Thursday, February 9, 2012

The politics of Elect Me

David Cameron's extraordinary announcement this week that he intends to foist hordes of women onto the boards of private companies, based entirely on gender and with no respect to merit, is an indictment of the worst kind of modern political standards.

Back in the day, politicians had policies. They were elected on the basis of those policies and, whilst in power, did their best to enact them. This worked quite well; if those policies proved unworkable or became unpopular to a greater extent, then next time around someone else got elected. Parties were defined broadly by their political and social convictions, and you knew roughly what you were getting. A bit like the difference between buying your chosen brand, If it worked for you, you kept on buying it. If not, you shopped around and chose another.

Tony Blair changed all that. It is easy to lay the blame on him and his cronies and cohorts, but it is also probably fair. Suddenly politics was all about electability. Policy? Give them what they want, and if they don't like it, change to what they do like. Ironically, of course, this demand led policymaking is based on the free market economy model, something Labour have traditionally eschewed and even vilified. Historical policymaking was supply led, a socialist concept.

So Blair and Co invented the politics of elect me, and it worked. Of course it did: we poor hopeless fools who have such trust in the men of Westminster, we believed them. And Blair looked good. Not a trace of Scargillian shabbiness. He banished the ghosts of Foot and Wilson forever. And dash it all, it's not as if the chap is a rank lefty, after all, he went to a decent school, didn't he, we all comforted ourselves.

It is doubtful that even in his more perceptive moments, such as they are, that Blair will realise the appalling damage he wrought, first on our political environment, and second, upon our society.

But enough of Blair - he was merely the instigator.

We now have Cameron, who's ability to espouse causes in the hope of engaging a new segment of the electorate is second to none. He is the master.

He is probably the worst PM Britain has ever had.
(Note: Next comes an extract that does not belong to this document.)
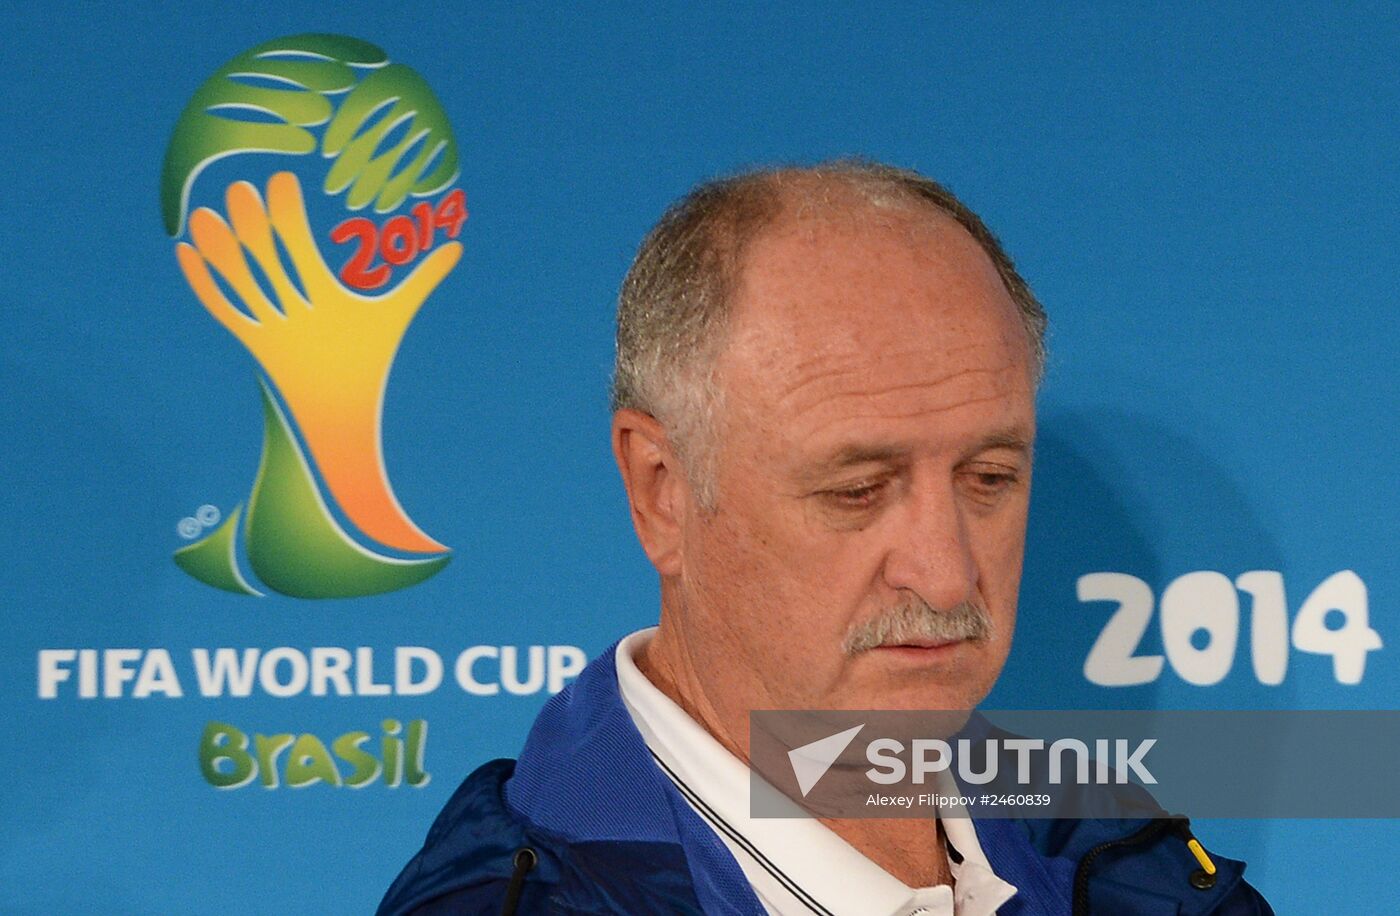 FIFA World Cup 2014. Brazilian national football team talks with journalists

Wholly devoid of conviction, he flits from advisor to advisor like a butterfly flying from flower to flower, a piece of pollen here, a piece of pollen there, all votes count, DC.
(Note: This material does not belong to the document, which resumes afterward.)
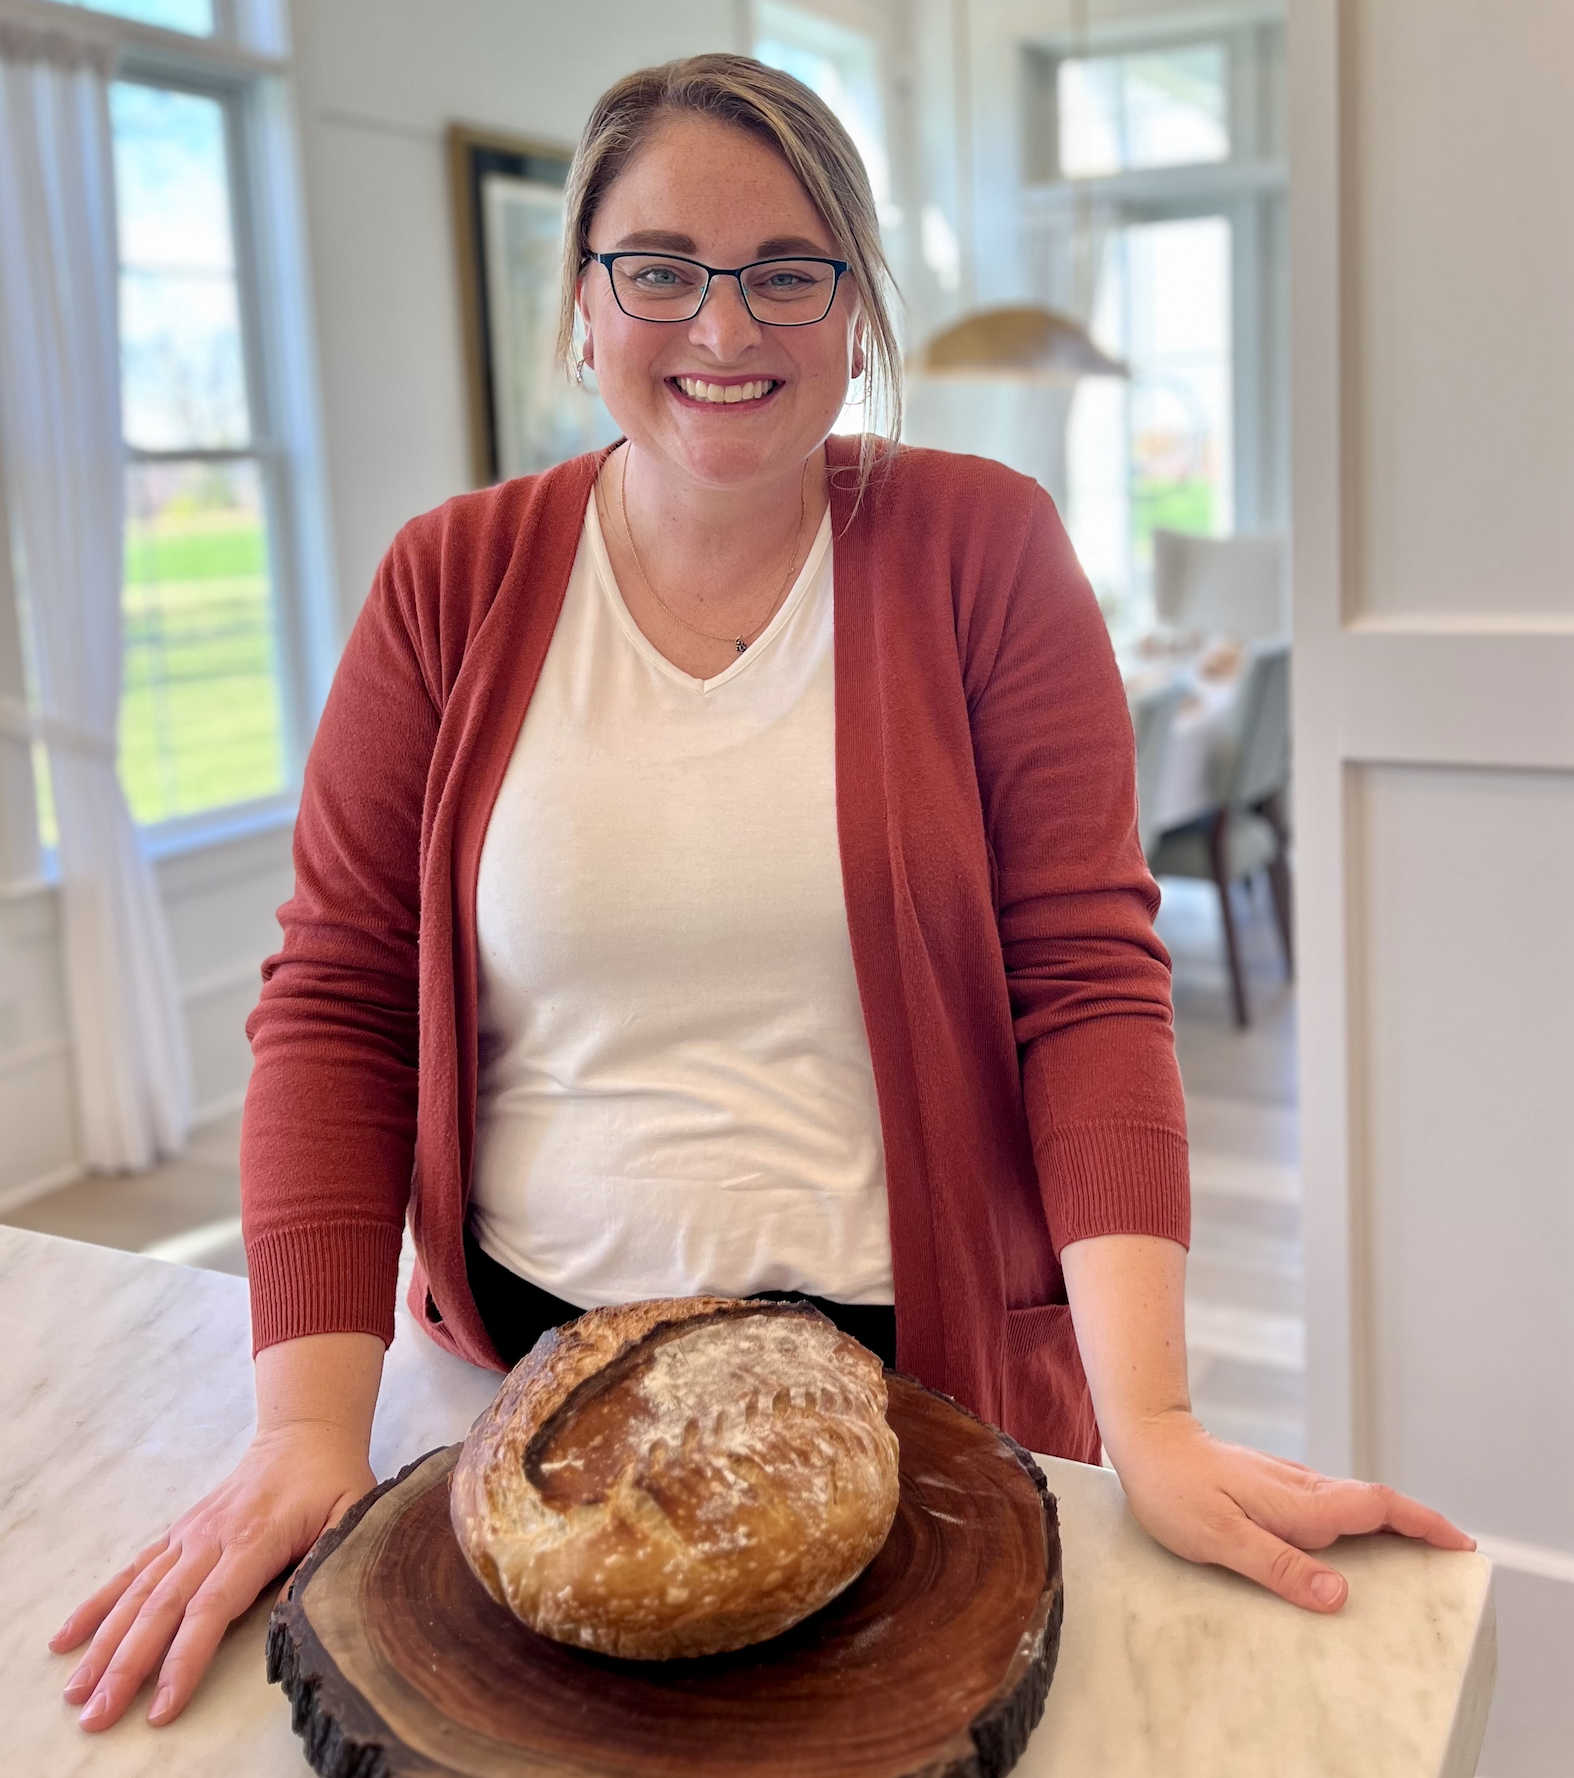 sourdough bread baker recipes classes influencer on social media @amybakesbread in Kentucky United States 4

If you suggested to Dave that he stand of the basis of policy, and live or die by it, he would, for a moment, look puzzled, before a slow grin spread across his charming Patrician face, and he would slyly dig you in the ribs, muttering sotto voce "you old dog!"

His are the politics of reaction. He is the master of sound bite, the supreme being of deflection, but at the end of the day he is a balloon, a hollow gathering of nothing.

Margaret Thatcher, or rather the disturbingly grotesque caricature of her, in the recent movie The Iron lady, opined that popularity must be forsaken by politicians, when taking the hard decisions for the long term public good. Dave, one would presume, if he has seen the film, would wake up screaming in a cold sweat should he revisit the scene in his dreams.

He has no fibre. He allows Vince Cable to walk all over him, he lost a virtually unlosable election in allowing the Libs to share the seat of power, he poodles to Merkel and Sarkozy in a way that must have Winston turning in his grave and, worst of all, he lies. Referendum on Europe anybody?

British politics has seen many great men and women, people of true conviction. It is impossible to agree with all of them, but they undeniably stood for what they believed in. David Lloyd George. Winston Churchill; Margaret Thatcher, even Anthony Wedgewood Benn, to name a few. And so we could trust them; trust them to stay upon their stated path.

But Cameron is a mockery of these icons. His is the path of reelectability, and his are the policies of whatever will get him there, as and when they are needed.

And if his people tell him that means forcing private enterprise to promote women to their boards, then that's what is going to happen. Today at least, it may be unpopular tomorrow.